Este doble filo nos conduce inevitablemente al interrogante sobre el sufrimiento como vía de conocimiento. Existen tradiciones filosóficas que han considerado el padecimiento como una escuela donde se revelan rasgos fundamentales de la condición humana. El abatimiento extremo puede, en ocasiones, destapar verdades incómodas sobre la fragilidad del proyecto, la contingencia de los deseos y la finitud ineludible que subyace a toda esperanza. Empero, afirmar que el sufrimiento depresivo confiere una verdad profunda exige suma cautela. En este punto, es crucial entender que no todo dolor es una epifanía, ya que la agonía puede deformar la percepción, introducir sesgos cognitivos incapacitantes y cerrar todo horizonte de sentido. Por consiguiente, la pregunta filosófica pertinente no es si el sufrimiento ilumina siempre, sino cómo podemos dialogar con él sin caer en la tentación de romantizarlo o de instrumentalizarlo como un acceso privilegiado a la sabiduría.
También la cuestión de la libertad frente a la depresión demanda una respuesta compleja que reconozca las causas biológicas sin neutralizar, por ello, la responsabilidad existencial. Las evidencias científicas sobre predisposiciones genéticas o desequilibrios neuroquímicos no anulan que la experiencia del yo deprimido siga siendo, en su esencia, una situación moral y existencial.

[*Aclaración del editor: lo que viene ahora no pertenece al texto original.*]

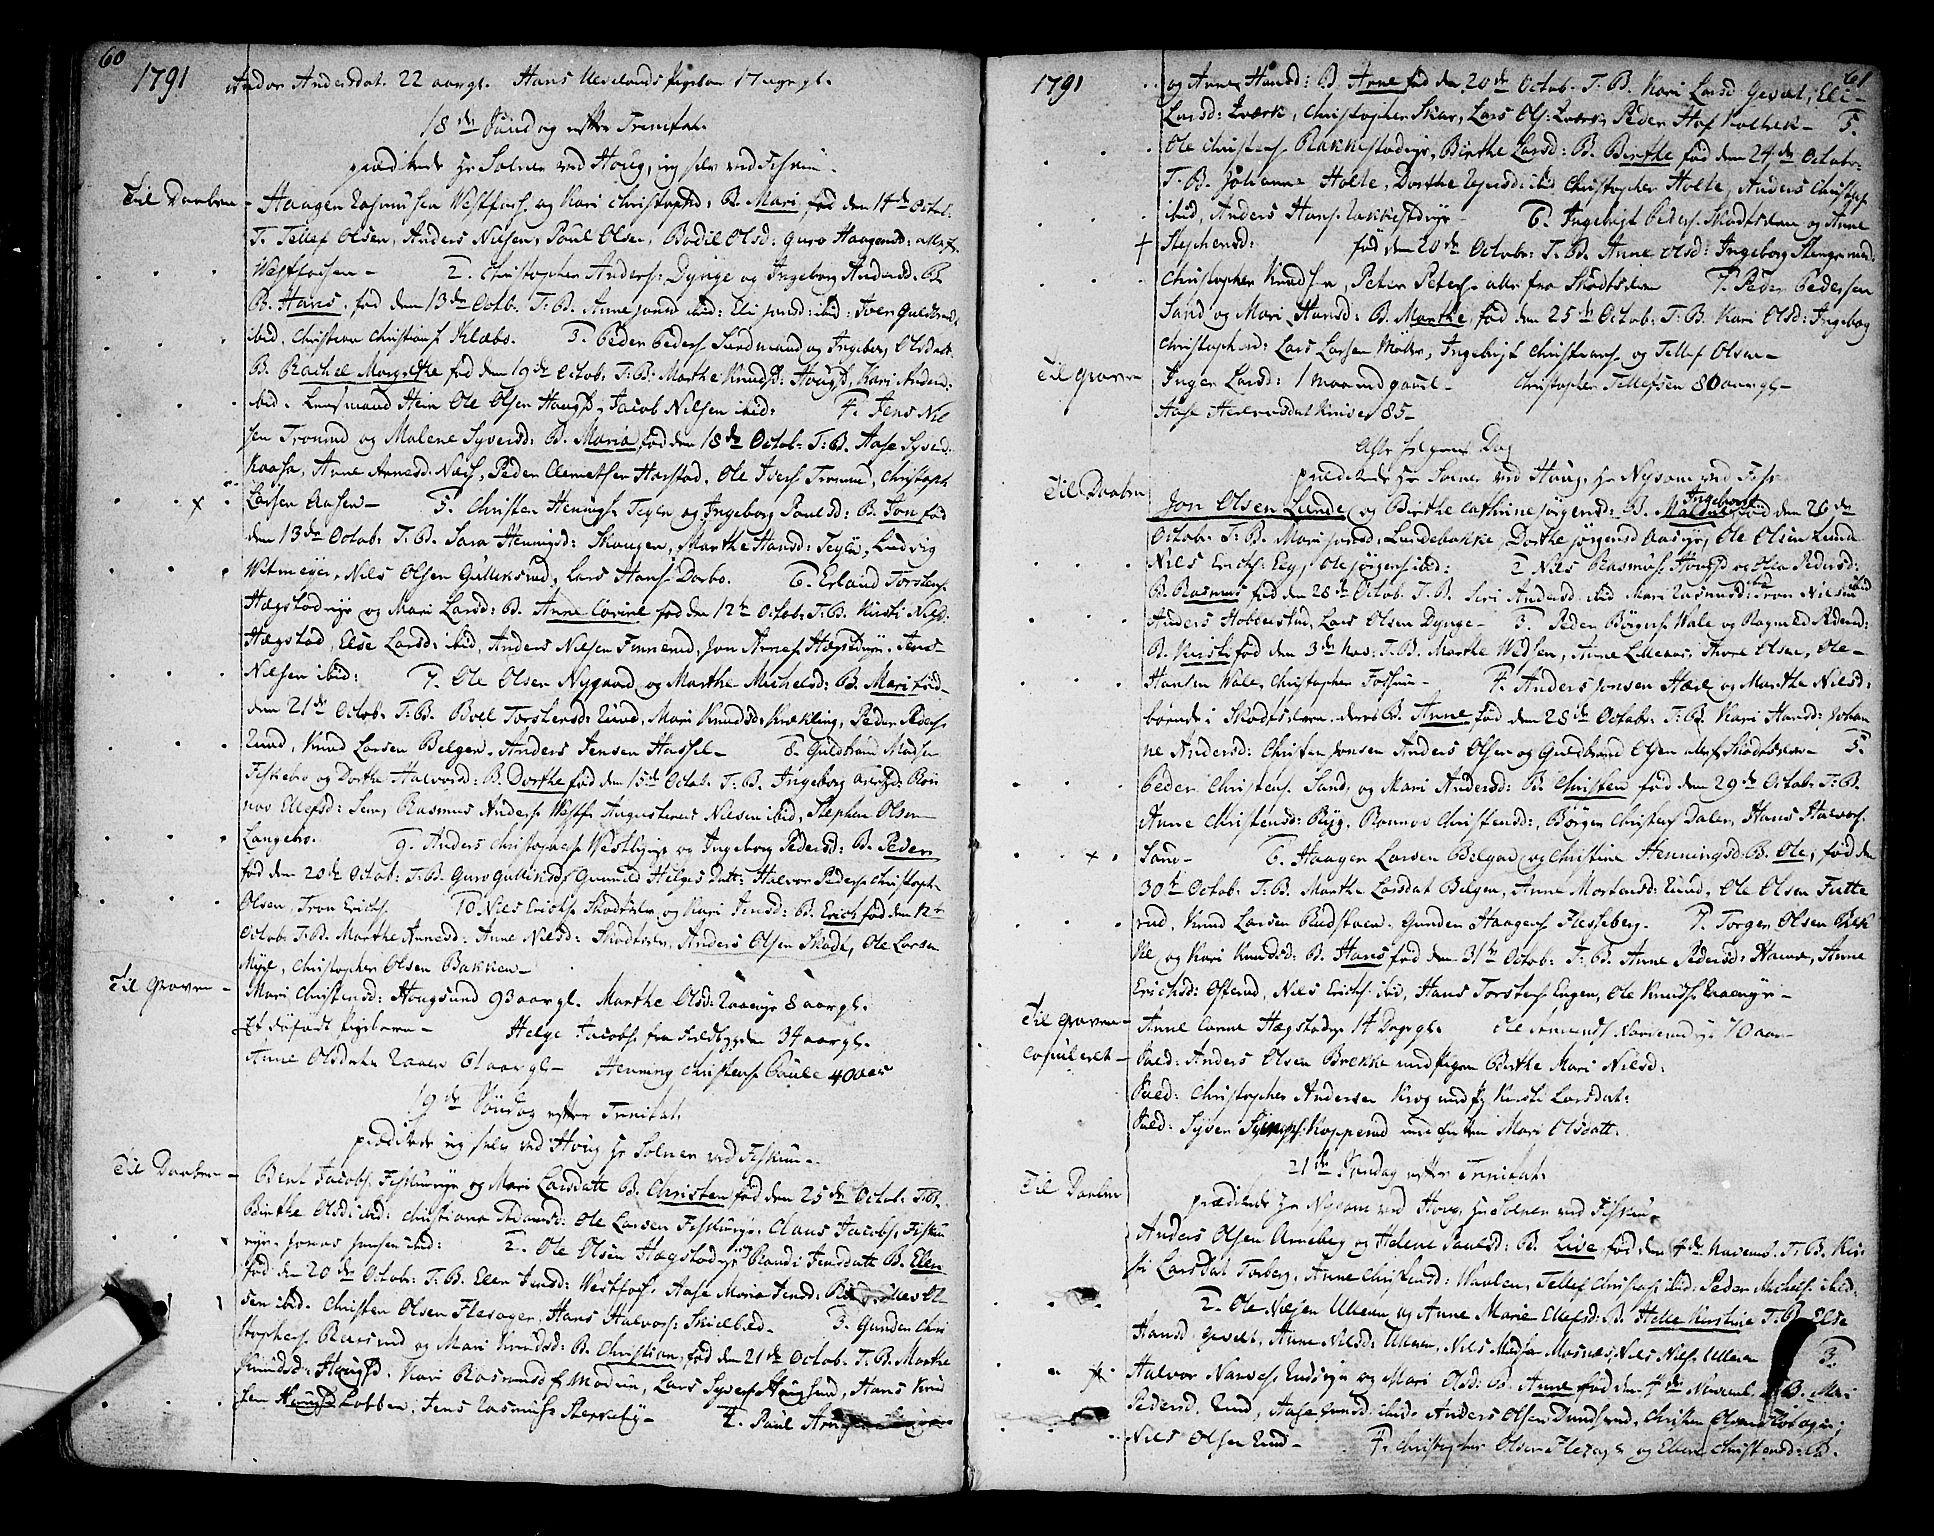 SAKO, Eiker kirkebøker, F/Fa/L0009: Ministerialbok nr. I 9, 1789-1806, s. 60-61

Si bien es cierto que la libertad, entendida como posibilidad de respuesta, se ve gravemente debilitada por condiciones que limitan la capacidad de acción, esta libertad persiste en la medida en que el sujeto logra, con el apoyo adecuado, reconectar con proyecciones significativas.
Existe, además, una lectura crítica que vincula la depresión con formas de resistencia pasiva en el marco social. En sociedades que demandan productividad constante, el colapso anímico puede funcionar como un silencio revelador frente a las exigencias claramente deshumanizadoras. Al respecto, Byung-Chul Han señaló en su obra “La sociedad del cansancio”, cómo la lógica neoliberal produce sujetos agotados, híper-expuestos y auto-explotados. Desde esta óptica, la depresión puede interpretarse como un síntoma social y político más que como un fallo individual, si bien esta interpretación no debe jamás sustituir la atención clínica necesaria con los profesionales pertinentes.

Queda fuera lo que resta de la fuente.